Once construction resumed on the project in July 2005, the Board made plans to sell the final $12 million of bonds in late 2005. The issue was to be for a ten-year period and was to have an annual debt service of $1.5 million. The legislation that gave the City-County Council authority over the Library’s operating budget did not give them authority over the debt service portion of the budget.
The City-County Council, however, adopted property tax rates that in effect require the Library to take the $1.5 million increase needed for the bonds out of the Capitol Projects Fund, so that the combined over-all rate would remain the same. This caused the short-term capital projects that can not be postponed to be switched back to the operating budget. The overall effect is to cause the operating budget of the Library to be short an additional $1.5 million. Once again, had the Library been imprudent and sold the bonds in 2004 before they were needed, the increase would have occurred before the City-County Council had the authority to say “no.”
So where does this leave the Library?
First, we need to issue the bonds to complete the Central Library expansion and renovation project. This will allow us to serve the public’s growing and more technologically sophisticated informational needs while gaining efficiency from adding the expanded Central as the hub of our system.
At the same time we need to work out a solution to the operating budget shortfall -- a shortfall created by the state’s legislation and the City-County Council’s recent decision. If no action is taken, in addition to the $1 million shortfall in the 2006 operating budget, we estimate there will be a $3.3 million shortfall in the 2007 budget and in 2008 (the first full year of operating Central) we estimate the shortage will be $6.3 million. The estimated percent shortfall for these three years is 2 percent in 2006, 9 percent in 2007, and 14 percent in 2008. Clearly, the Library cannot continue at its present pace.

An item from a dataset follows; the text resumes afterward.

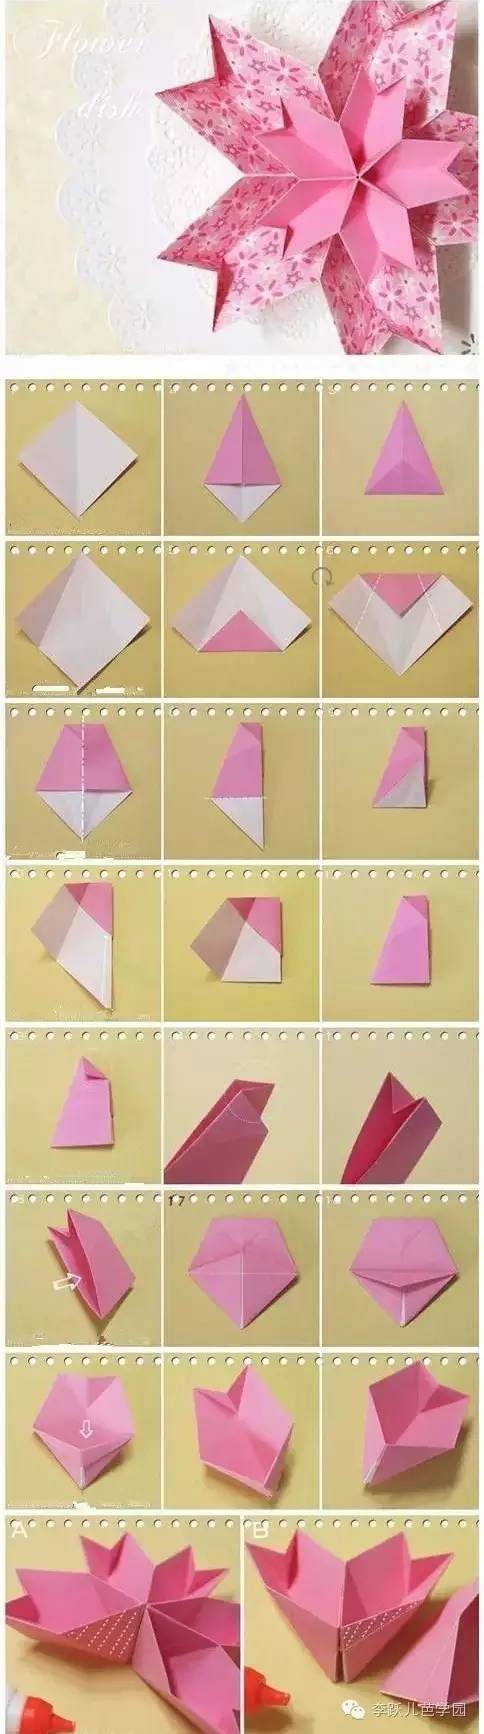 这些记忆中的折纸,你还记得多少.

Couldn’t the Library operate more efficiently?
No doubt, every organization could operate more efficiently. However, IMCPL is already one of the most efficiently run library systems in the United States. Based on 2004 data from the Public Library Association, IMCPL is the sixth most efficient among the fifty largest library systems in the nation. In this comparison, efficiency was measured by dividing each library system’s total operating budget by its total circulation.
What was impressive about this efficiency comparison was that it came in a year when IMCPL’s circulation was down due to the Central construction project which forces patrons to use the Interim Central facility. In 2005 IMCPL had a total circulation of 12.2 million items. In the last full year at old Central our circulation was more than 13 million. Our numbers and rankings will improve even further once the new expanded Central reopens in 2007.
The nationally recognized Hennin Ratings, recently released its 2005 library system rankings. Among library systems with a population of more than 500,000, IMCPL ranked sixth in the nation. We have consistently ranked in that ranking’s top ten over the years. There are 76 library systems in our category.